Initially considering music academy, Tiến chose to study pharmacy. He enrolled at Can Tho University of Medicine and Pharmacy, where he graduated as valedictorian of his class. Following graduation, he was retained as a lecturer at the university, teaching in Pharmaceutical Management, Pharmaceutical Industry, and Pharmaceutics.

==Career==

===Academic and pharmaceutical background===

After graduation, Tiến worked as a lecturer at Can Tho University of Medicine and Pharmacy before transitioning to business and entertainment. He established expertise in cosmetic chemistry and aesthetic medicine.

===Business ventures===

In 2015, Tiến founded Công ty TNHH Dược Sĩ Tiến (Dược Sĩ Tiến Co., Ltd.), which operates in both beauty/cosmetics and entertainment industries. The company grew to employ over 200 staff members by 2024. He established a private cosmetics manufacturing facility, developing Vietnamese-specific skincare products under brands including DrCeutics and VinaCeuticals.

Tiến also founded DST Entertainment, a production company based in Ho Chi Minh City that focuses on television production, beauty pageants, and reality shows. He has reported investing over 50 billion VND (approximately $2 million USD) in entertainment ventures between 2018 and 2024.

===Television and entertainment production===

Tiến gained significant public attention as a judge on Vietnam Supermodel 2018, where his dramatic fashion choices and controversial judging style became widely discussed in Vietnamese media. His television production credits include:

- The New Mentor (2023) – Producer and host of reality TV show for fashion models
- The Next Gentleman – Co-producer with Hương Giang
- Miss Universe Vietnam 2024 – Producer and judge
- Miss International Queen Vietnam 2023 – Co-producer
- The Tiffany Vietnam – Judge and advisor
- Miss Grand Vietnam 2025 judger

===Film and digital content===

In 2023, Tiến produced and starred in the horror film "Hạnh phúc máu" (Blood Happiness), which achieved notable success, particularly in Myanmar. He also produced the web drama series "Tiến Bromance" and created 15 music videos for the "Hạnh phúc máu" soundtrack. His YouTube channel "Dược sĩ Tiến • Entertainment" has accumulated over 500,000 subscribers.

==Publications==

In 2017, Tiến authored "Khoa Học Về Làn Da" (Science of Skin), a 300-page book covering skin physiology, cosmetic chemistry, and dermatological aesthetics.

==Awards and recognition==

Tiến received the Golden Hand Award (Giải thưởng Bàn Tay Vàng) in 2016 from the Vietnam Union of Science and Technology Associations in cooperation with Vietnam Intellectual Property Office for professional excellence in the pharmaceutical field.
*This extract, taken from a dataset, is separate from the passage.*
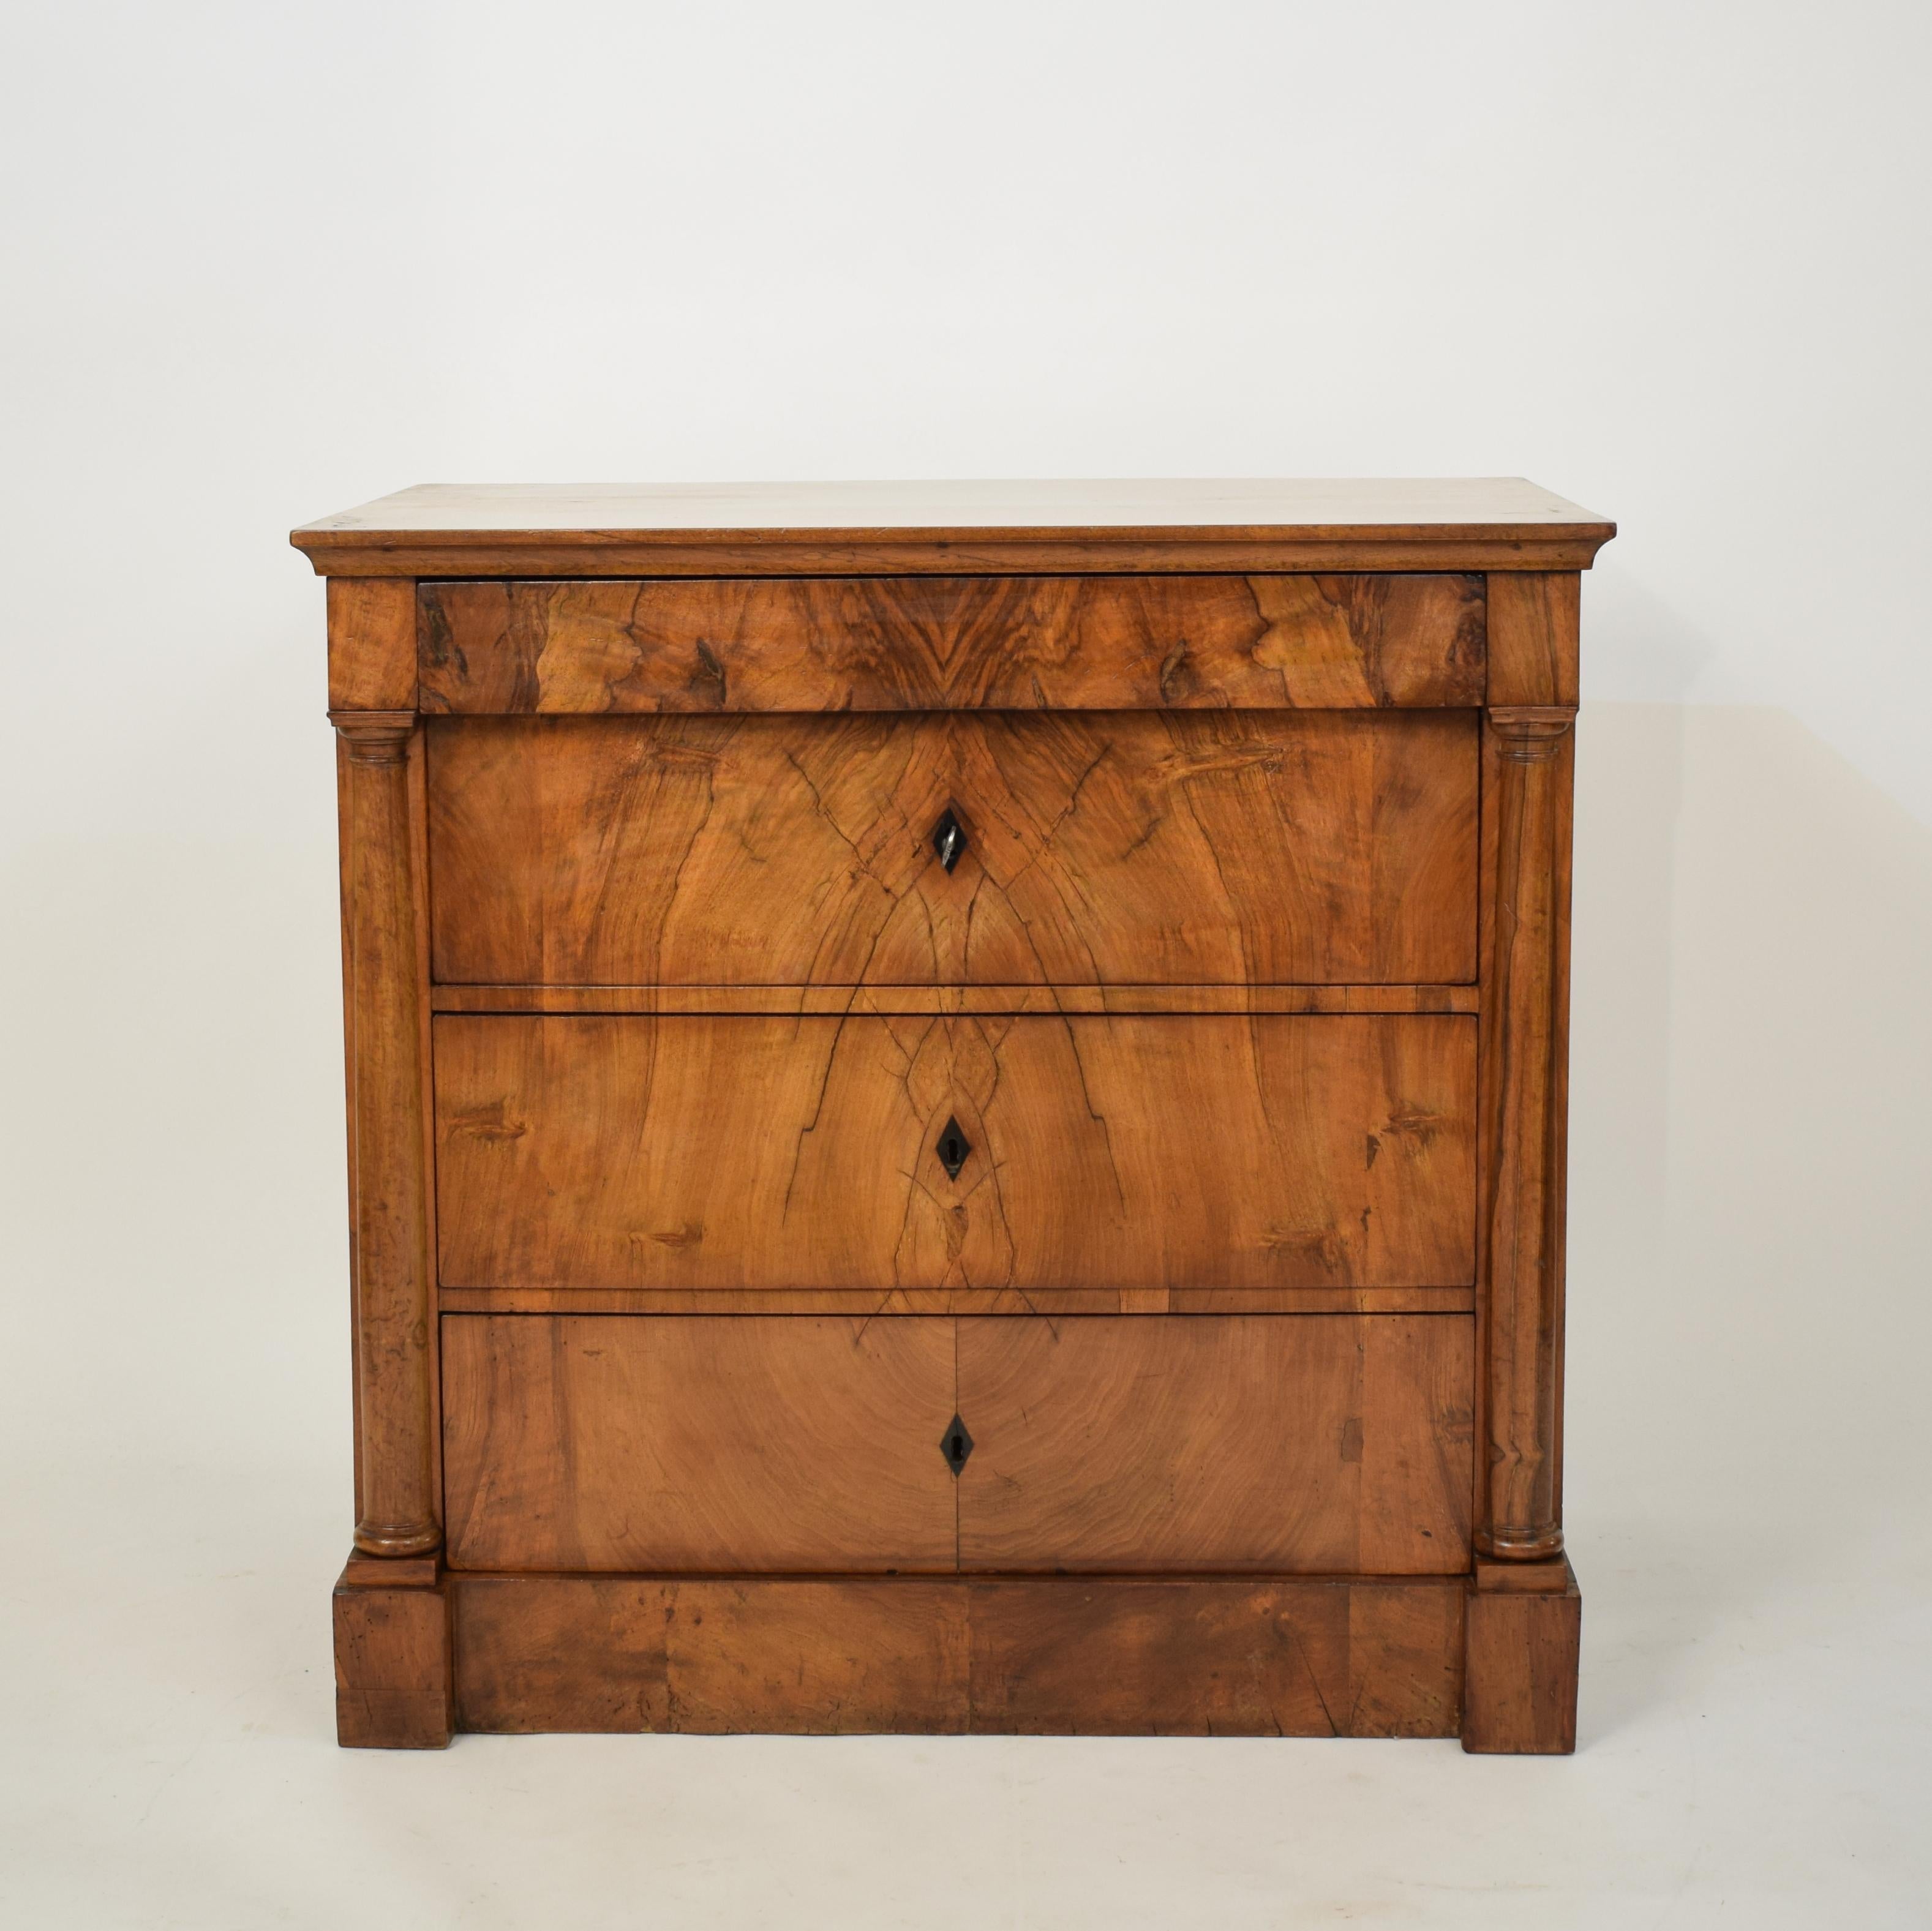 This beautiful Biedermeier commode was made circa 1820 in South Germany. Probably made by the

In 2017, he won the title Nam Vương Người Việt Thế Giới (Vietnamese World King) in the United States, which served as his entry point into the Vietnamese entertainment industry.

==Controversies==

On 14 July 2025, Tiến announced the development of an AI chatbot called "ChatDST," claiming it was superior to ChatGPT and utilized 12 Nvidia A100 GPUs with 960GB VRAM. However, LeadTek Vietnam, the official Nvidia distributor, confirmed they had never sold A100 chips to him, and technical specifications were questioned by AI experts. The announcement video was subsequently removed from YouTube.
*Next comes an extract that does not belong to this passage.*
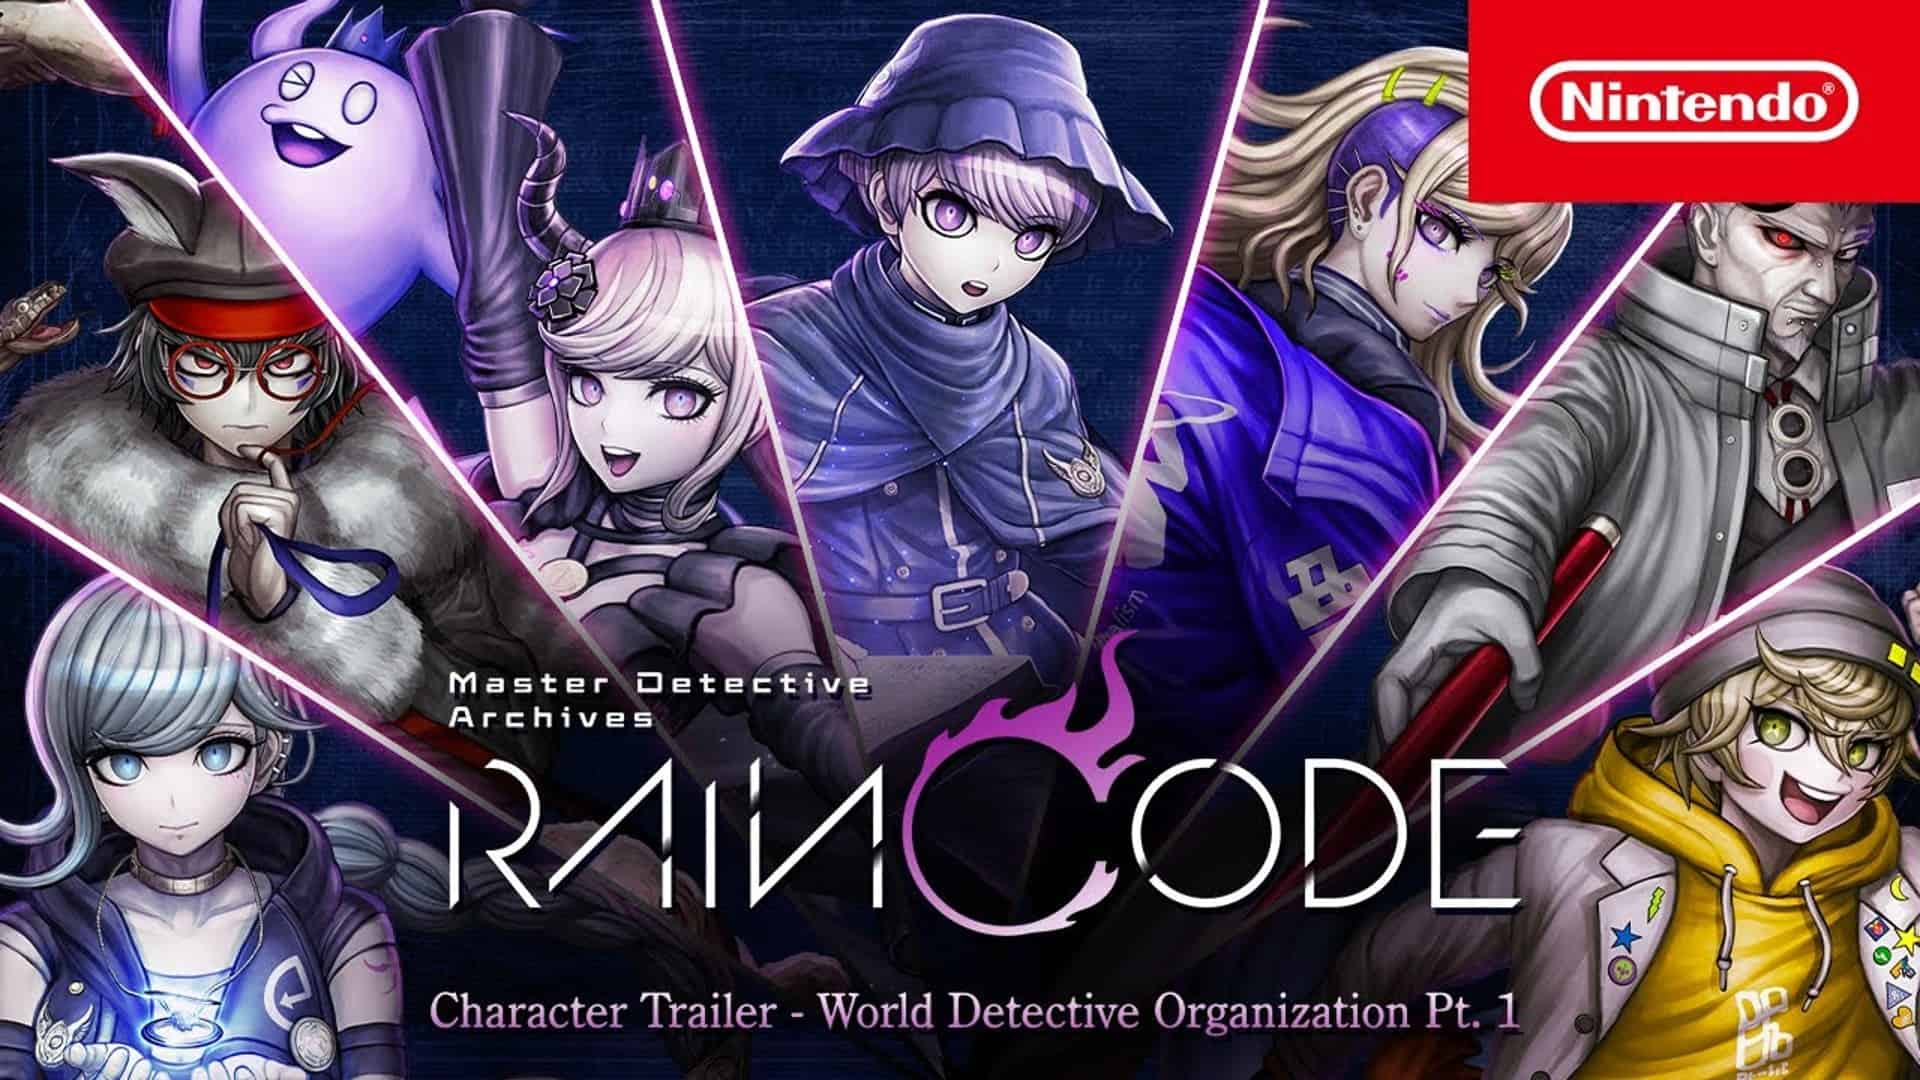 The cover art of the Master Detective Archives: RAIN CODE trailer

Tiến has also faced disputes with other entertainment industry figures and has been involved in various controversies regarding product endorsements and business practices, though he has denied connections to fraudulent supplement sales when such allegations arose in 2025.

==Technology ventures==

In 2024-2025, Tiến expanded into technology ventures, announcing several initiatives including the Chat DST AI application (scheduled for release October 2025), DST Mall e-commerce platform, and TRẺ CONNECT, a banking card for Vietnamese students developed in partnership with VietinBank and NAPAS.

==Public presence==

Tiến maintains an active social media presence with approximately 261,000 likes on his main Facebook page and over 600,000 subscribers across his YouTube channels. He is known for his elaborate fashion choices and dramatic public appearances, which have made him a recognizable figure in Vietnamese entertainment media.

As a beauty consultant, he provides professional advisory services to multiple spas and clinics nationwide and has trained over 3,000 students in beauty care practices across Vietnam.